> RECORDED INFORMATION
........

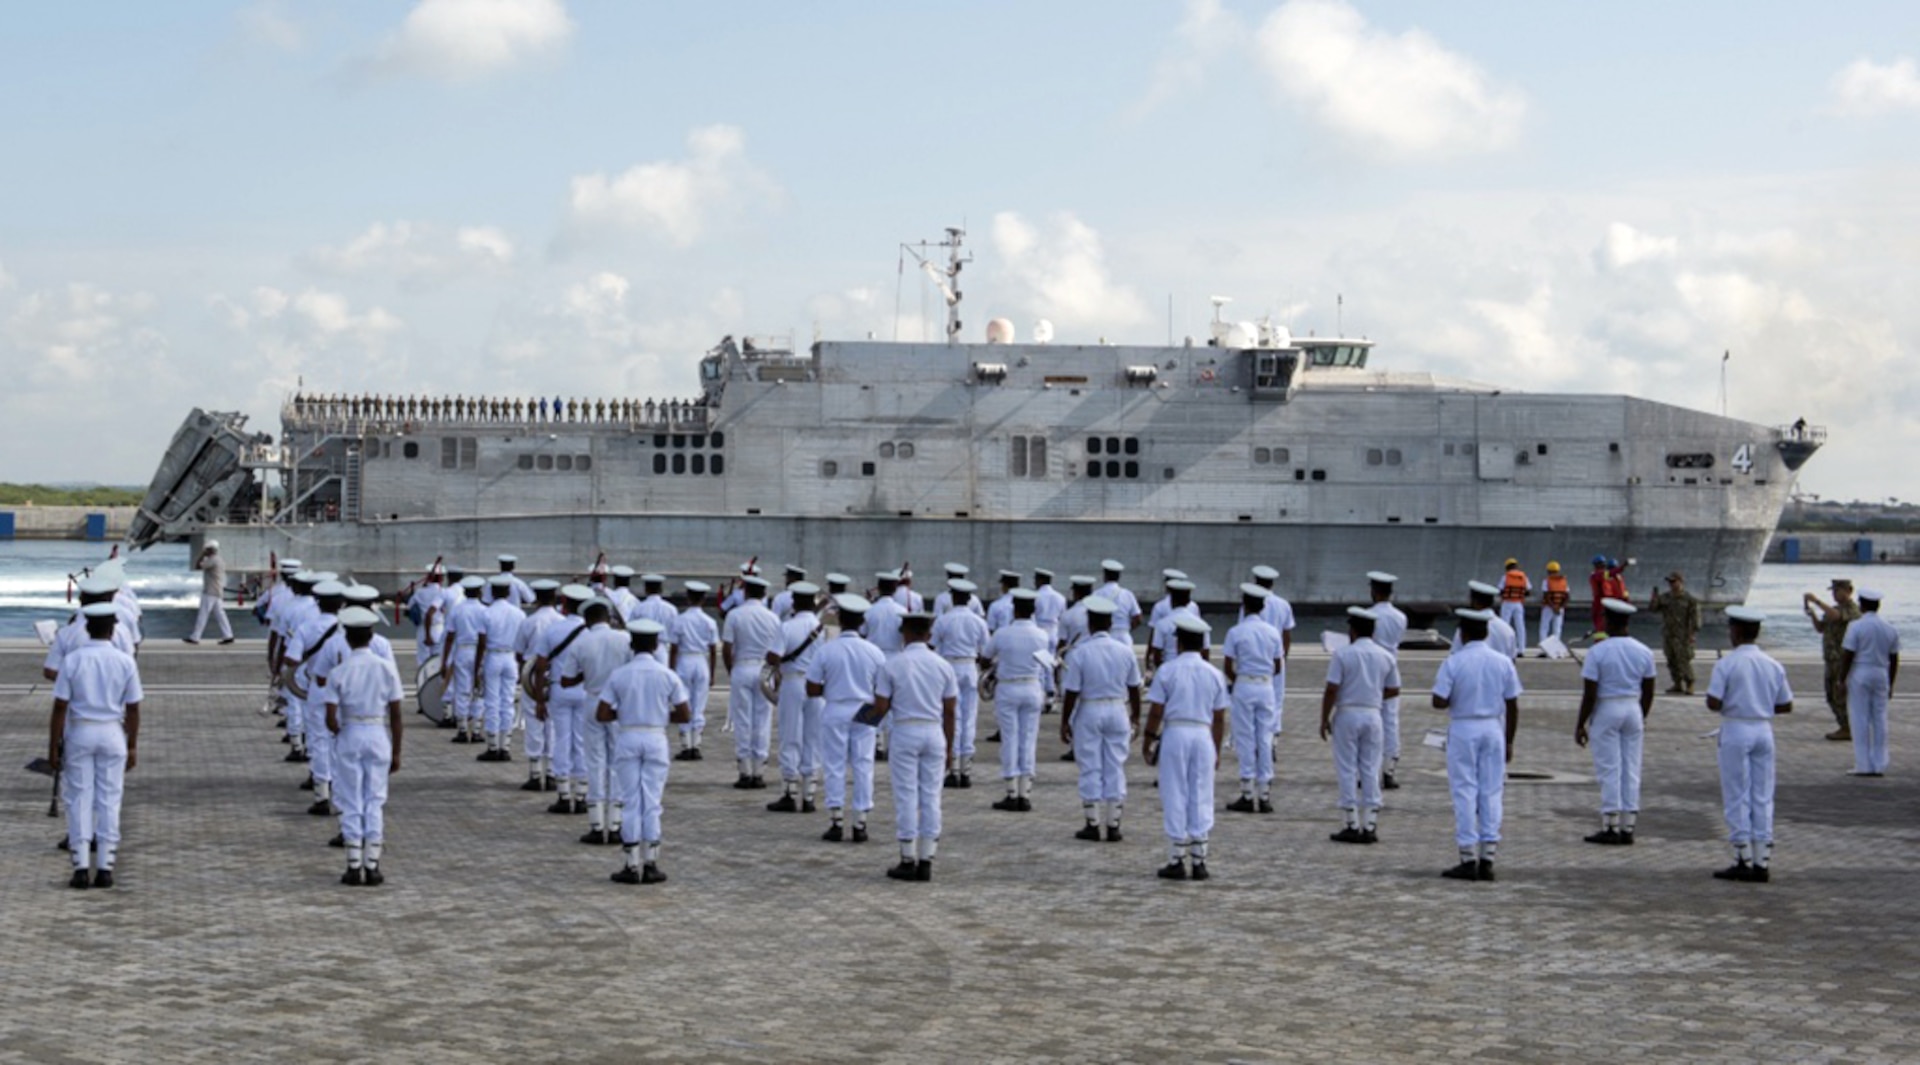 The Sri Lanka Navy Band performs as the expeditionary fast transport ship USNS Fall River (T-EPF-4) arrives in Hambantota to participate in Pacific Partnership 2017 mission stop Sri Lanka, Mar. 7, 2017.   Pacific Partnership is the largest annual multilateral humanitarian assistance and disaster relief preparedness mission conducted in the Indo-Asia-Pacific and aims to enhance regional coordination in areas such as medical readiness and preparedness for manmade and natural disasters. 
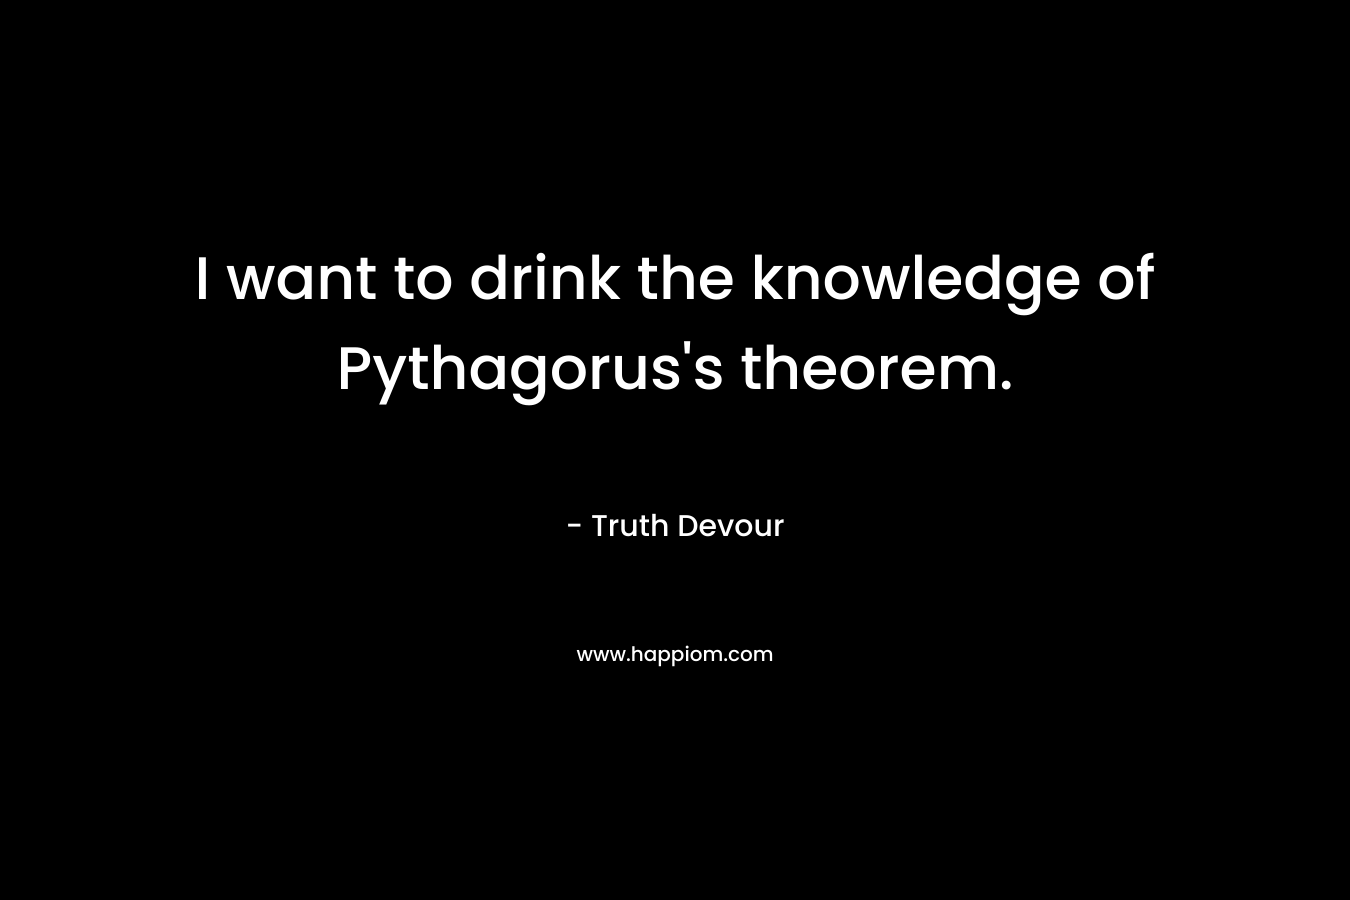 I want to drink the knowledge of Pythagorus's theorem.
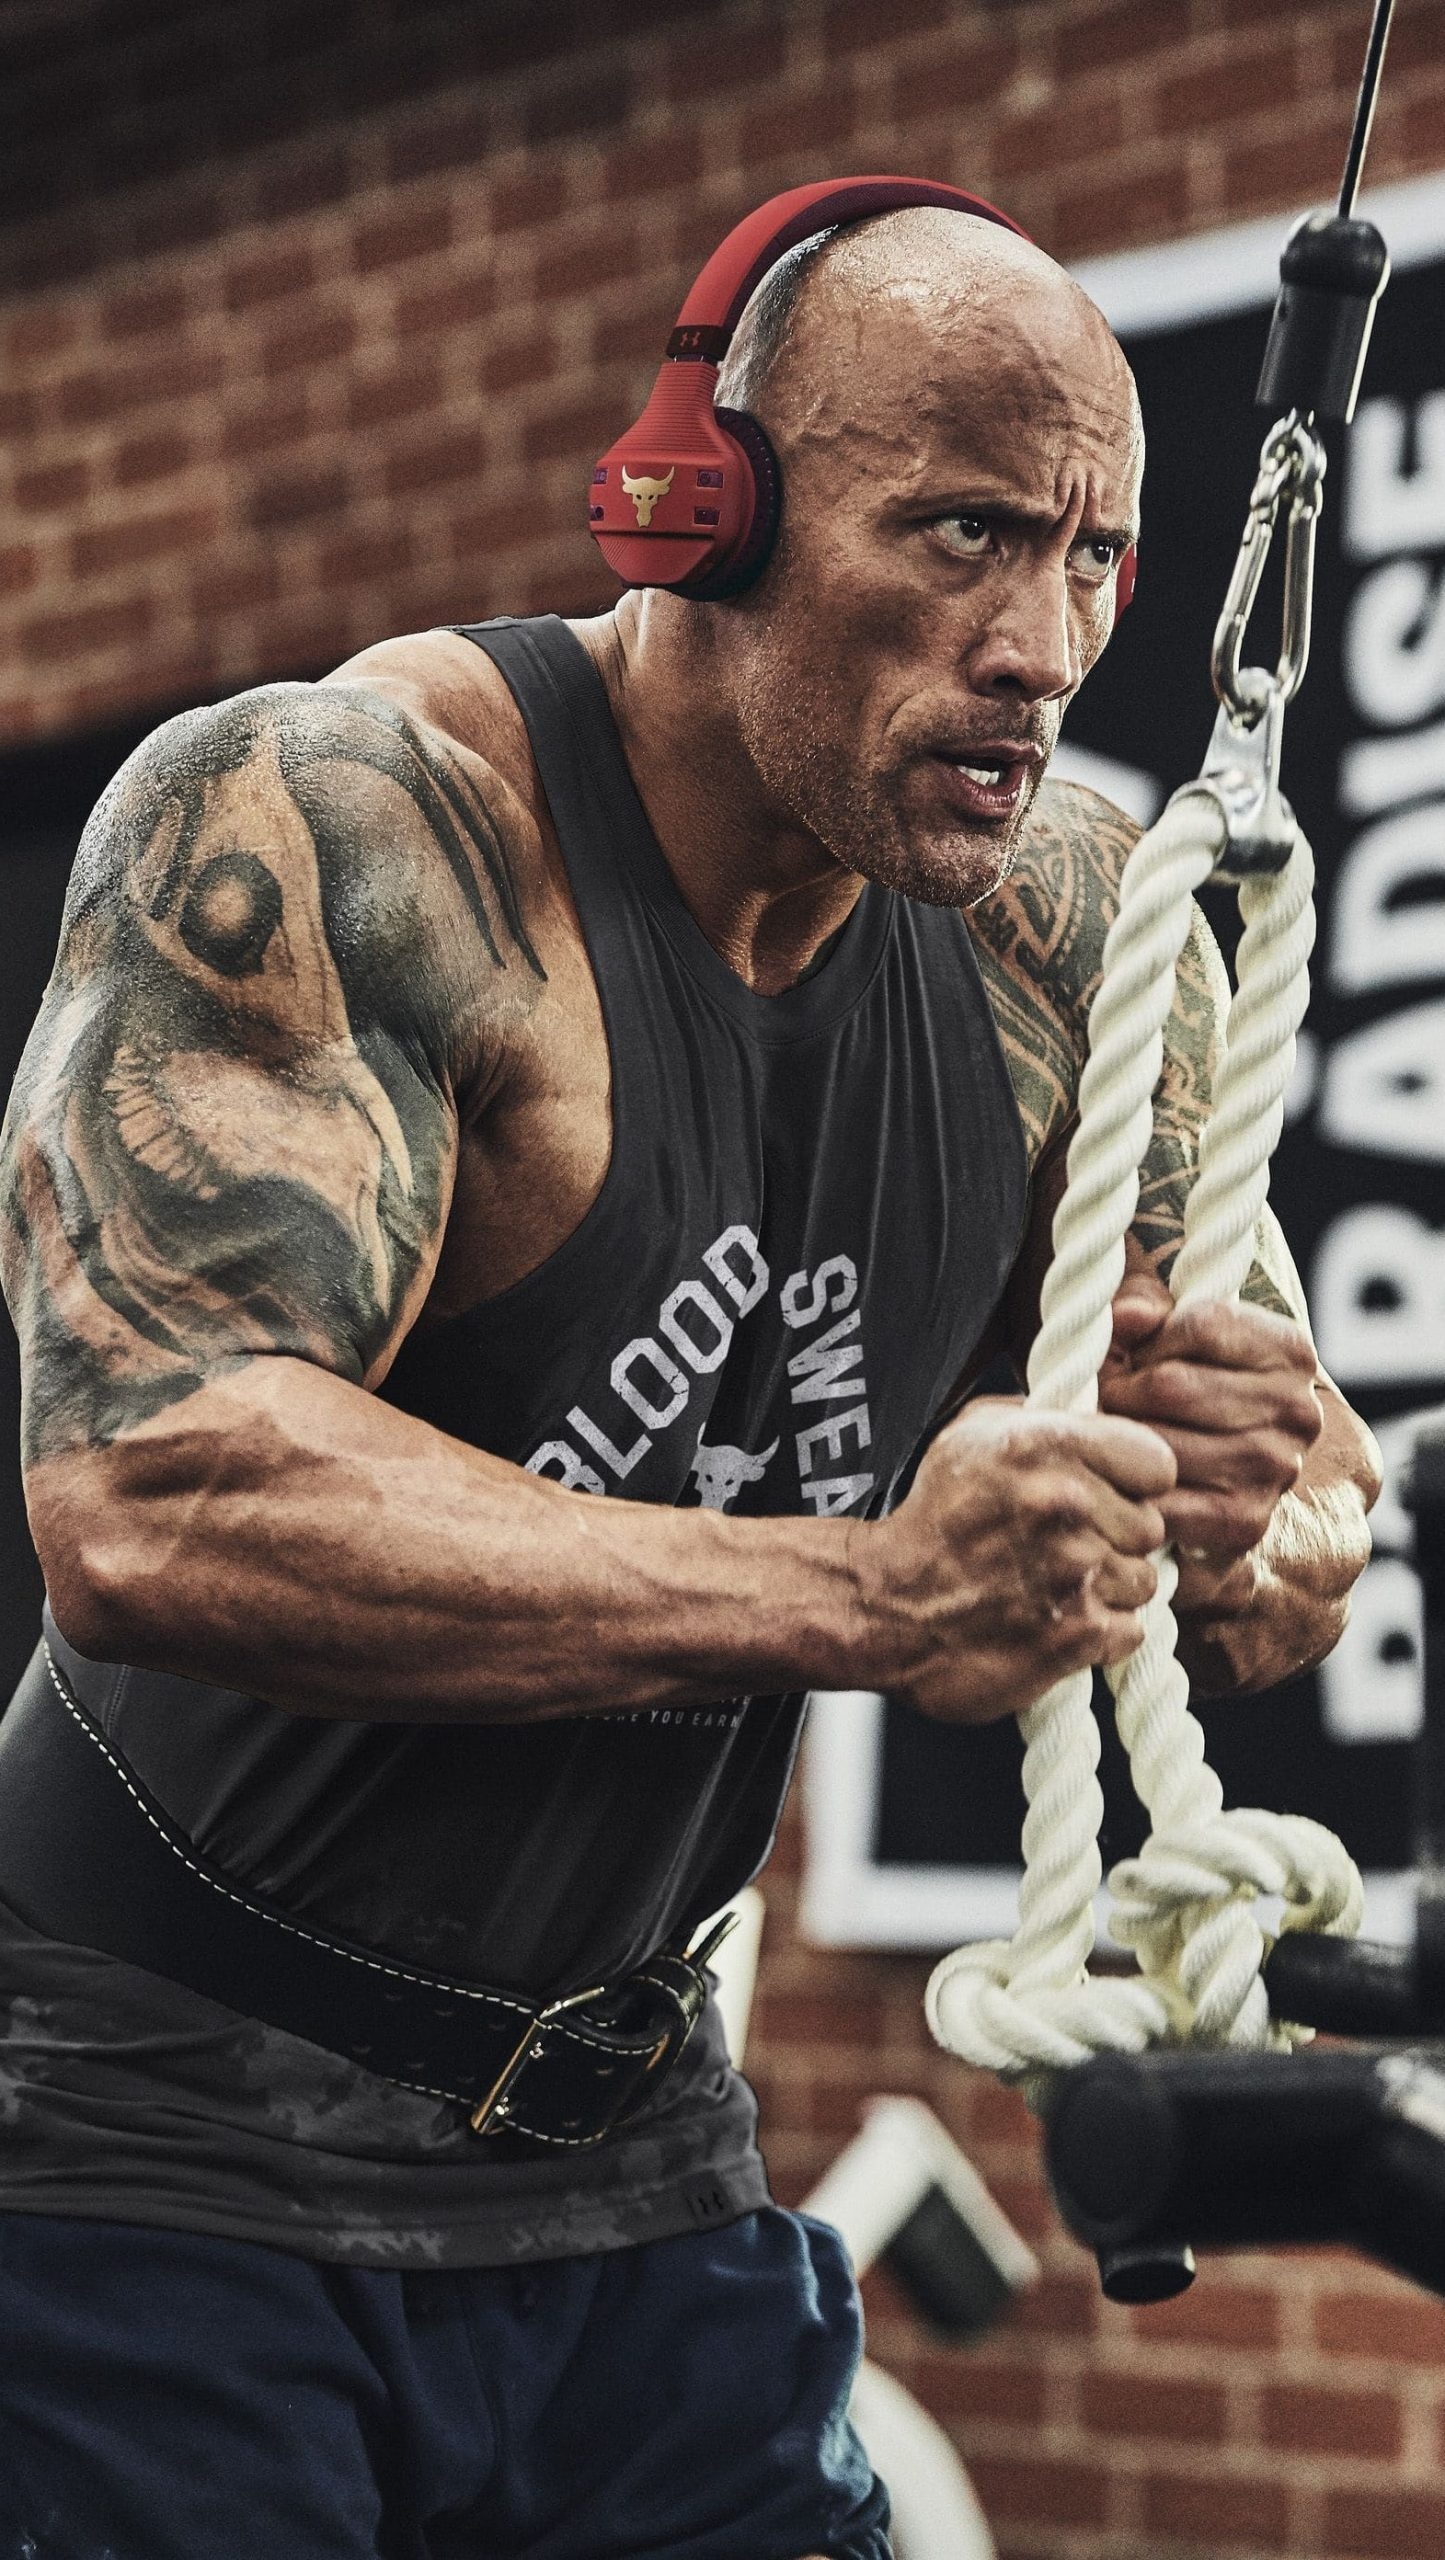 Gym motivation, The Rock wallpapers, Fitness inspiration, Exercise dedication, 1450x2560 HD Handy

........

> THE TASK
The line with "I want to drink" and each line after it, through the final line of the data, are to be duplicated exactly, with pictures left out and nothing more included.

> OUTPUT FOR THIS EXERCISE
 I want to drink the knowledge of Pythagorus's theorem.
 Gym motivation, The Rock wallpapers, Fitness inspiration, Exercise dedication, 1450x2560 HD Handy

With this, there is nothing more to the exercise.